Flax avoids this issue because it directly passes the parameters/weights as arguments to the function. That perhaps seems like the best approach ATM. Is there a reasonable away to achieve behavior like that in Equinox?
(Unless I'm missing something, this is a pretty significant limitation for e.g. doing inference with language models where you'd want to JIT the sampling for a fixed model.)
jax: 0.4.30
jaxlib: 0.4.30
numpy: 1.26.1
python: 3.11.9 (main, Apr 6 2024, 17:59:24) [GCC 11.4.0]

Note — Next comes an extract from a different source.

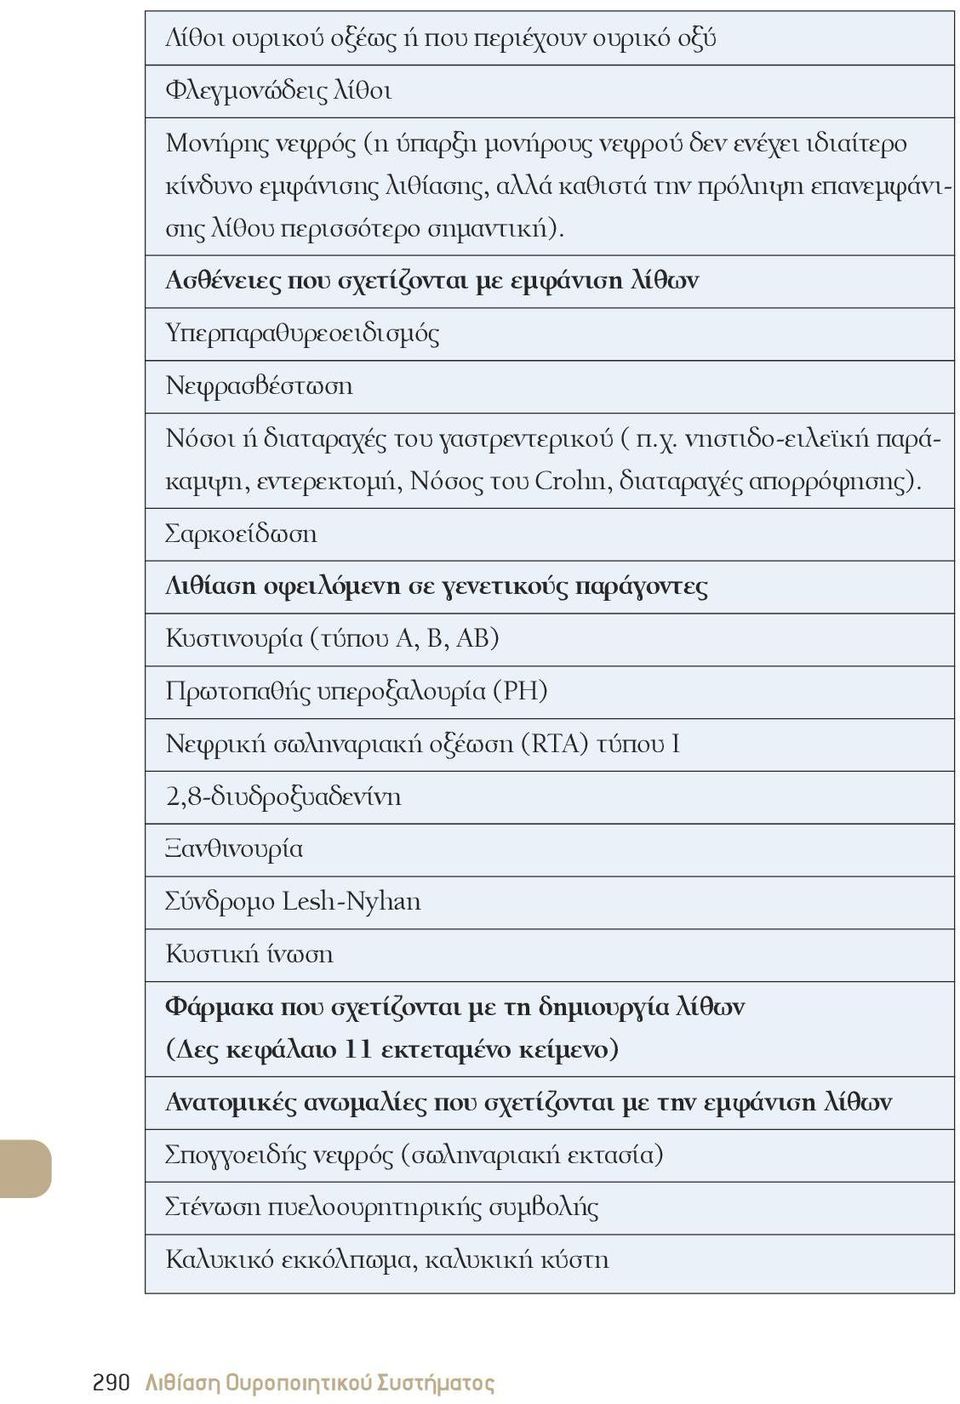 Σαρκοείδωση Λιθίαση οφειλόμενη σε γενετικούς παράγοντες Κυστινουρία (τύπου A, B, AB) Πρωτοπαθής υπεροξαλουρία (PH) Νεφρική σωληναριακή οξέωση (RTA) τύπου I 2,8-διυδροξυαδενίνη ξανθινουρία Σύνδρομο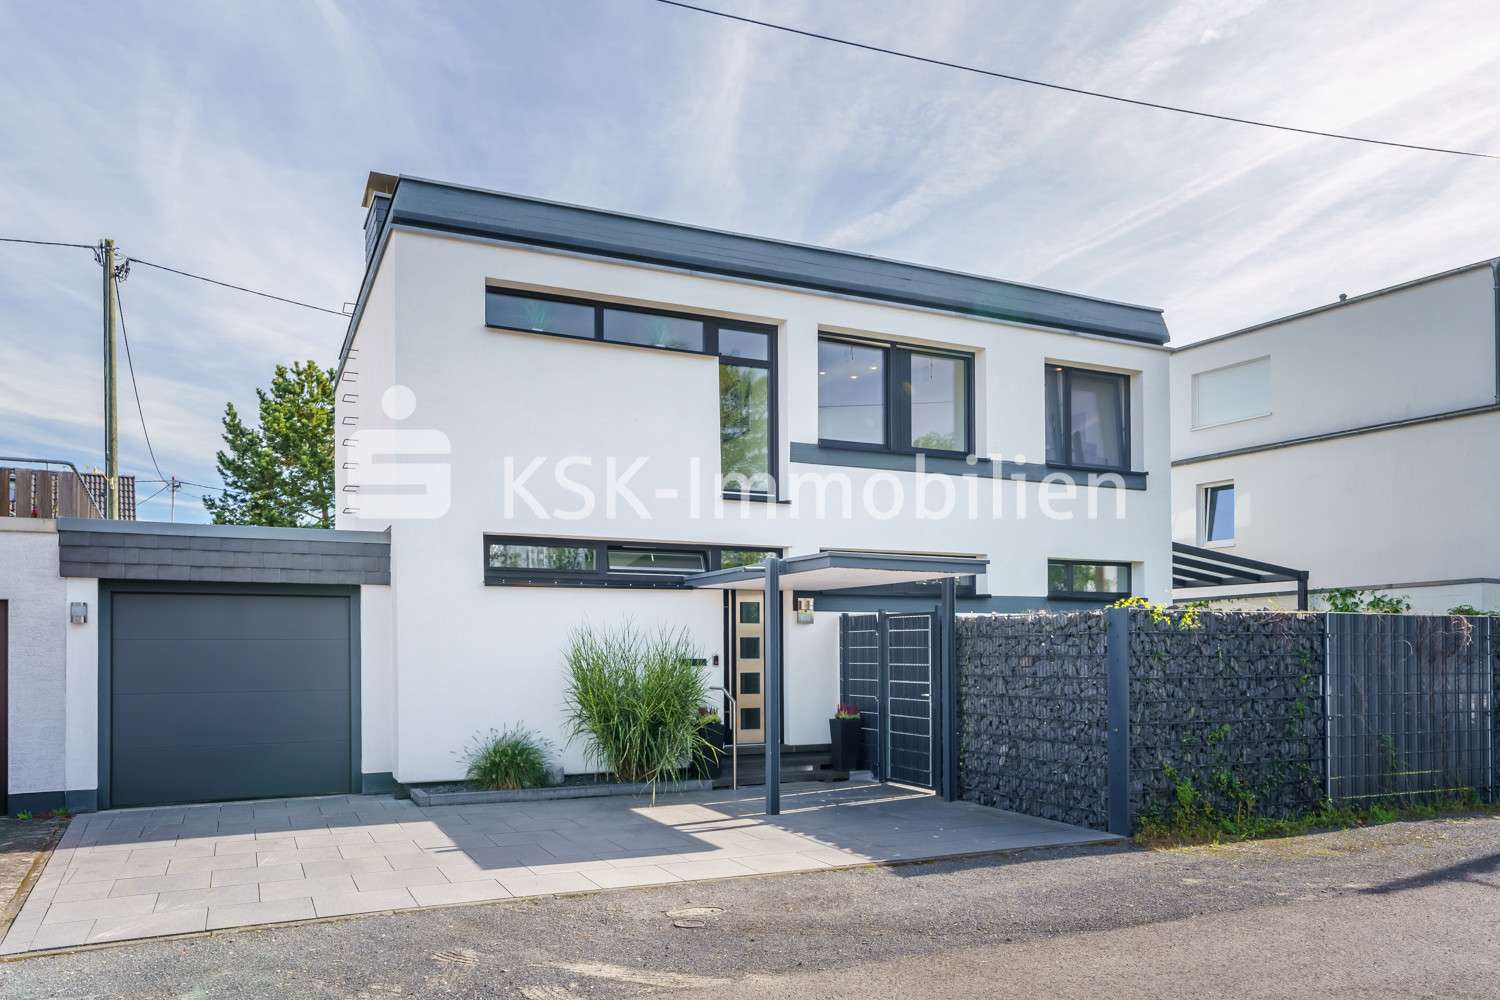 123199 Außenansicht - Einfamilienhaus in 53229 Bonn / Beuel mit 139m² kaufen

jax.devices (1 total, 1 local): [cuda(id=0)]
process_count: 1
platform: uname_result(system='Linux', node='nld09d8wce', release='5.19.0-45-generic', version='#46~22.04.1-Ubuntu SMP PREEMPT_DYNAMIC Wed Jun 7 15:06:04 UTC 20', machine='x86_64')
$ nvidia-smi
Tue Jun 25 00:52:43 2024
+-----------------------------------------------------------------------------+
| NVIDIA-SMI 525.116.04 Driver Version: 525.116.04 CUDA Version: 12.4 |
|-------------------------------+----------------------+----------------------+
| GPU Name Persistence-M| Bus-Id Disp.A | Volatile Uncorr. ECC |
| Fan Temp Perf Pwr:Usage/Cap| Memory-Usage | GPU-Util Compute M. |
| | | MIG M. |
|===============================+======================+======================|
| 0 NVIDIA RTX A6000 Off | 00000000:00:05.0 Off | Off |
| 30% 25C P2 16W [/](https://file+.vscode-resource.vscode-cdn.net/) 300W | 265MiB [/](https://file+.vscode-resource.vscode-cdn.net/) 49140MiB | 2% Default |
| | | N/A |
+-------------------------------+----------------------+----------------------+
+-----------------------------------------------------------------------------+
| Processes: |
| GPU GI CI PID Type Process name GPU Memory |
| ID ID Usage |
|=============================================================================|
+-----------------------------------------------------------------------------+
Equinox version 0.11.4
Ah, I realized this is a workable solution:
def call(x: ndarray[Any, Float], dynamic, static) -> ndarray[Any, Float]:
test = eqx.combine(dynamic, static)
return test.__call__(x)
dynamic, static = eqx.partition(t, eqx.is_array)
jax.jit(ft.partial(call, static=static))(jnp.ones(d), dynamic)
I think this is happening because you're grabbing __call__, which as a magic method isn't subject to the same bound-methods-are-PyTrees treatment as regular methods. This is the reason t is being closed over, rather than provided as an input.
Can you try doing just eqx.filter_jit(t)(np.ones(d)) instead?
Ahh, that does make a big difference. I had gotten into the habit of doing explicit __call__ so jump-to-definition in my editor would be more useful and hadn't thought of it as anything more than a trivial syntactic transformation.